# Sisyphus WIP



## Lashdown91 (Jun 9, 2015)

About a quarter of the way through this one, I think. Has taken me just over a month so far.


----------



## M Winther (May 14, 2016)

I love these renaissance landscapes. However, I feel there's a problem with the composition. In this type of painting, composition is essential and must be thought out beforehand. Since Sisyphus should be the focus of attention, the Old Master would likely have placed his head at a more conspicuous geometric point. Now his head is tucked away at a peripheral part of the picture.
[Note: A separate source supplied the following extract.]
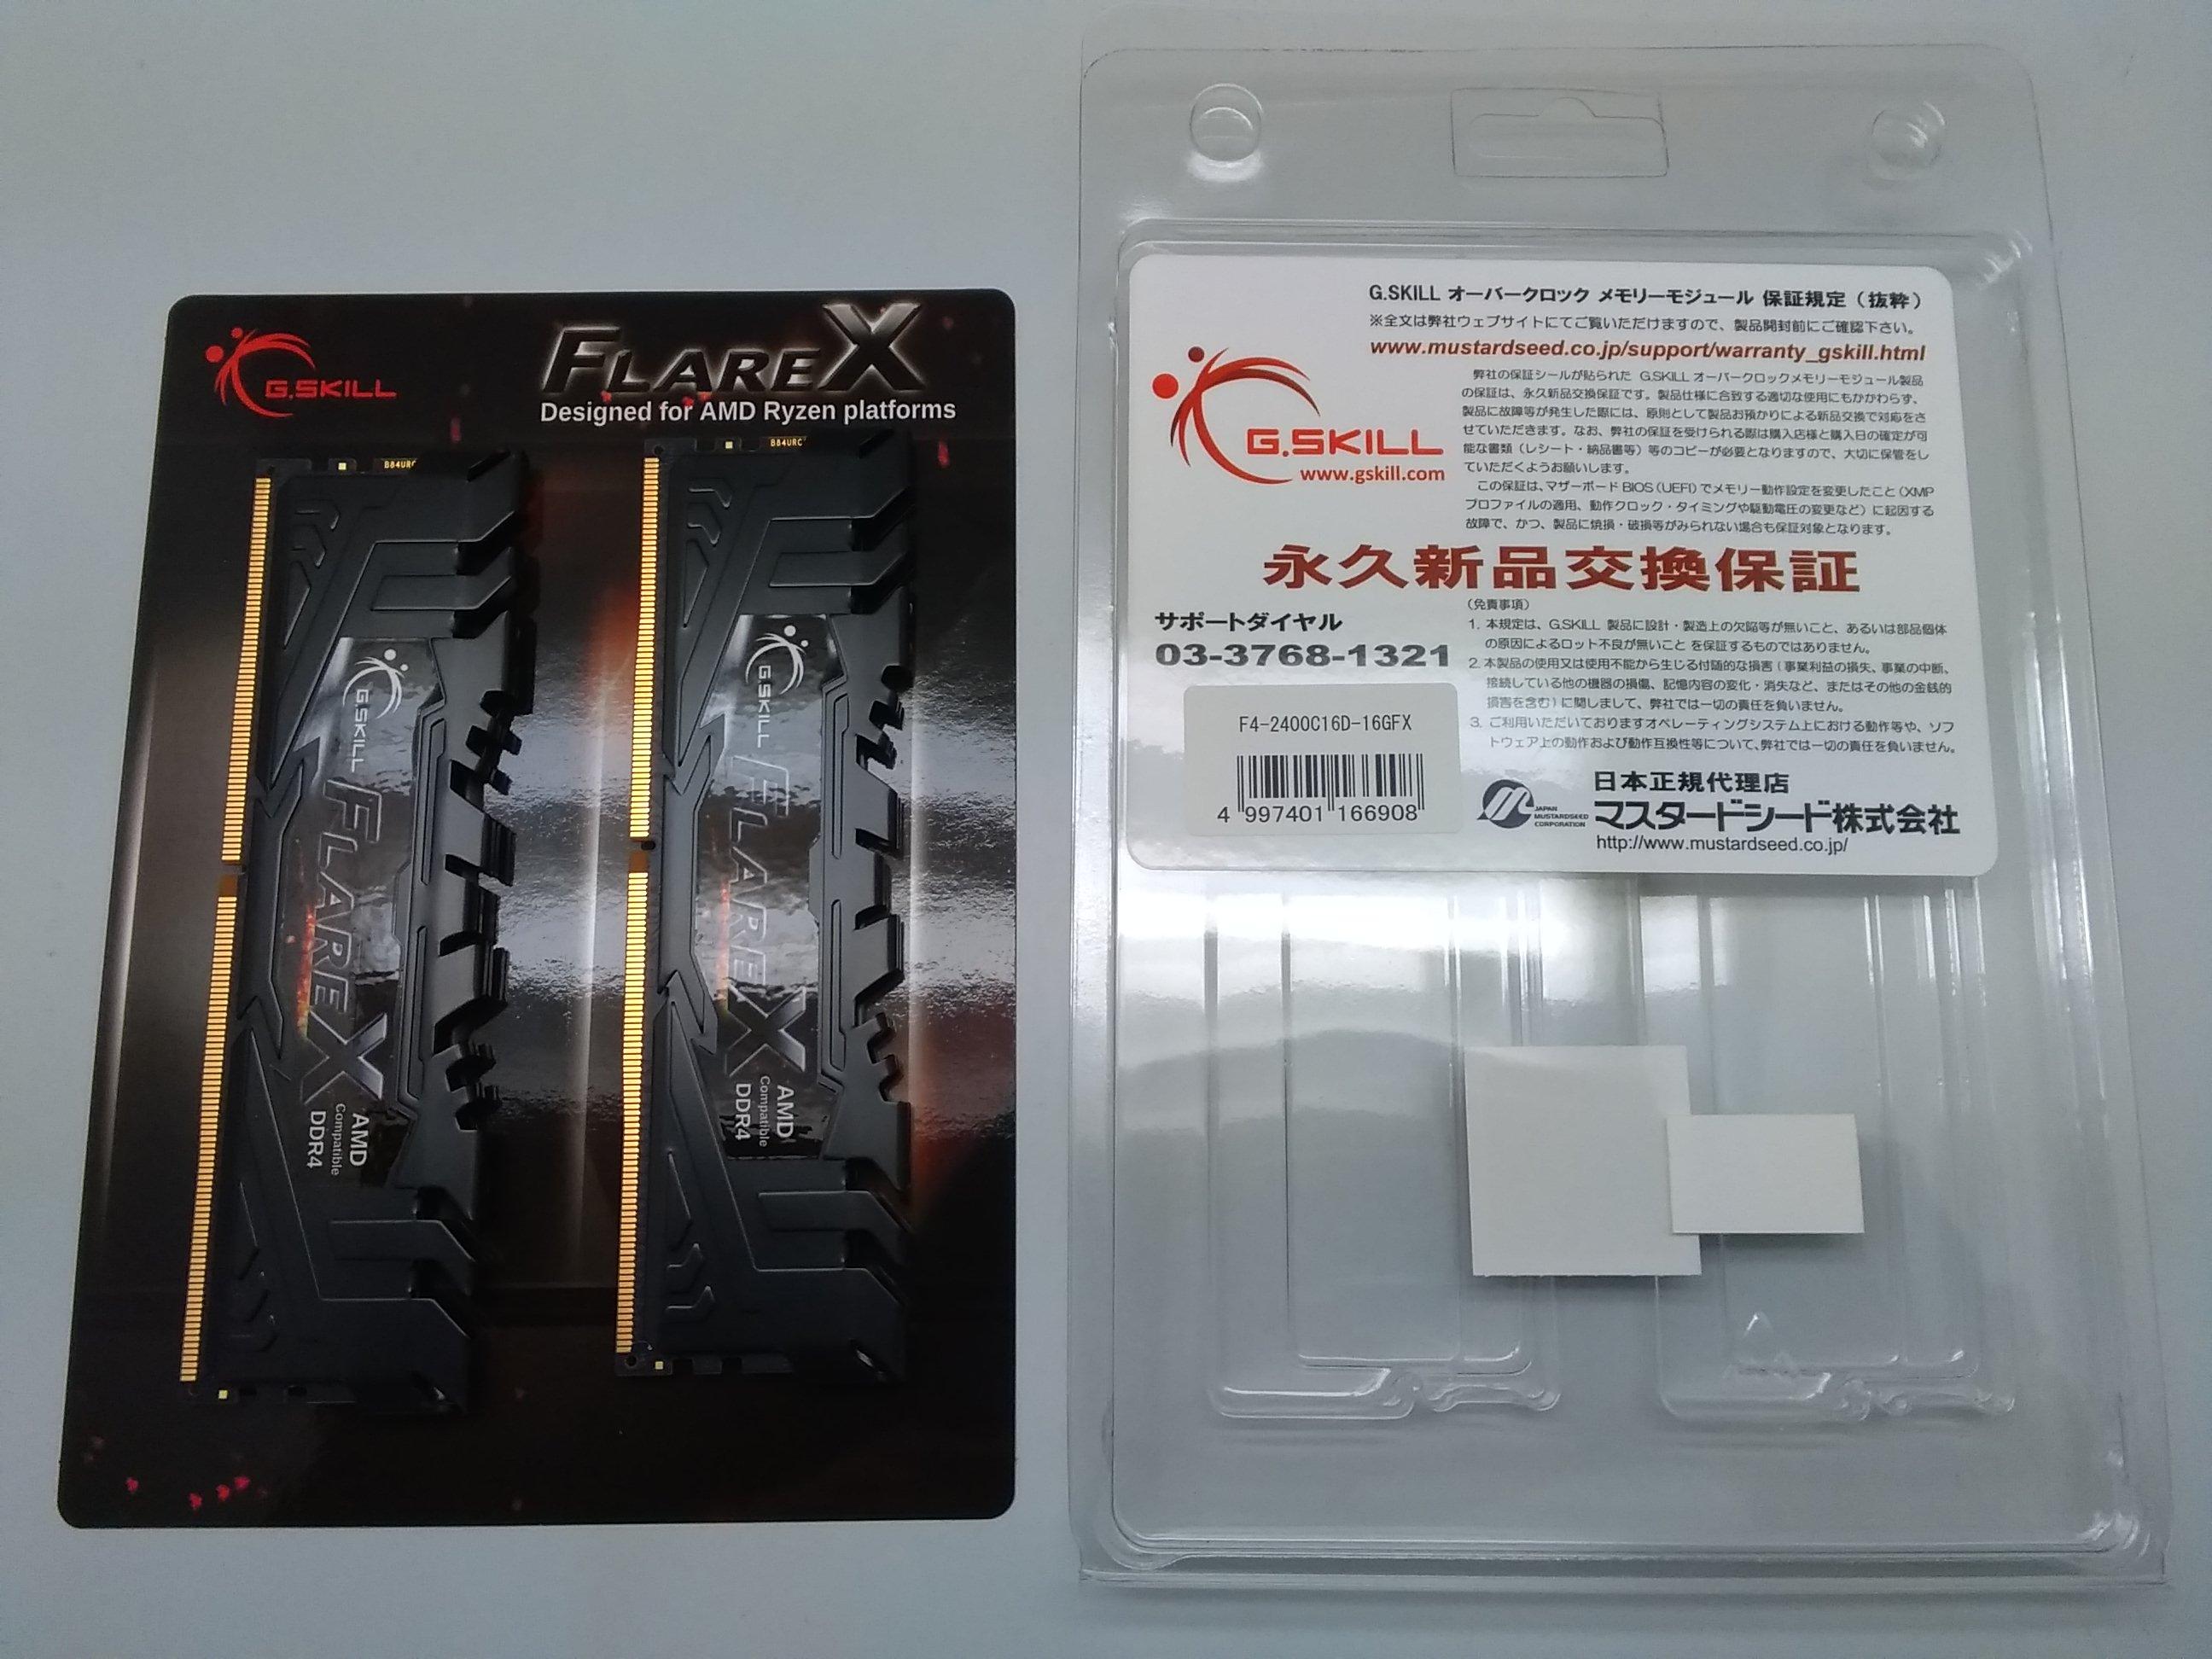 F4-2400C16D-16GFX|G.SKILL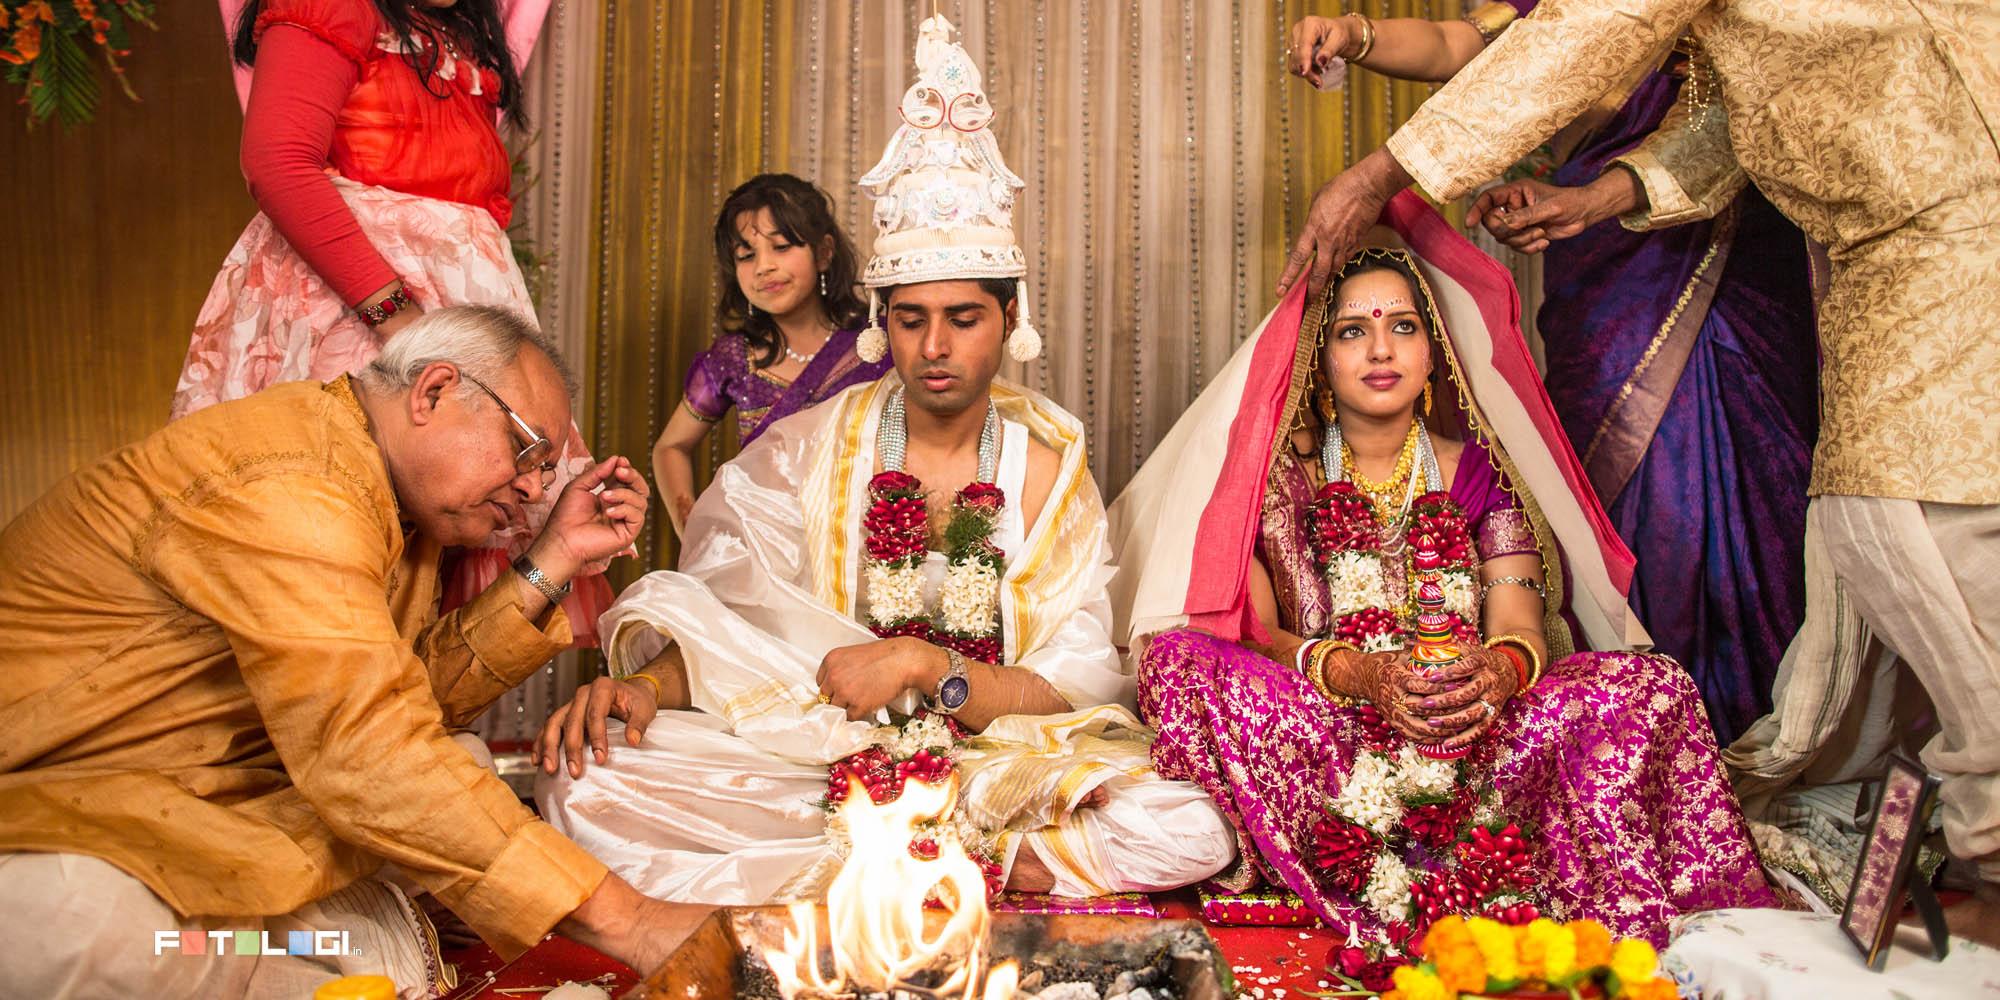 Bengali Wedding Roni Sreoshy FotoLigi Fotolog Photographic India Royal William Lambelet 04

Our gaze is drawn from the left to the right, which is why the most prominent person is placed to the right at TV debates, etc. Here this problem is worsened by the attractive landscape that effectively steals too much attention from the human figure, making our gaze conflicted. Also Sisyphus's own gaze directs us toward it. 

The Old Masters consistently used geometry for composition, such as the rule of thirds or the golden ratio, and would probably have placed Sisyphus's head at an intersection point. 

However, you could remedy the composition by abandoning Sisyphus as focal point and instead create a new focal point in the landscape behind. At a distance there could be a prominent scene imbued in sunlight. It necessitates that the figure of Sisyphus remains toned down. But paintings can sometimes be saved by cropping, something like this:


----------



## Lashdown91 (Jun 9, 2015)

Hi M Winther

Thanks for the reply! I'm actually really glad that you mentioned this. I wanted Sisyphus to look as if he were longing to be back down in the rest of the world, as it were, instead of being stuck on his mountain, and to look as though he may either be pushing the rock up, or resisting its inevitable decent.


----------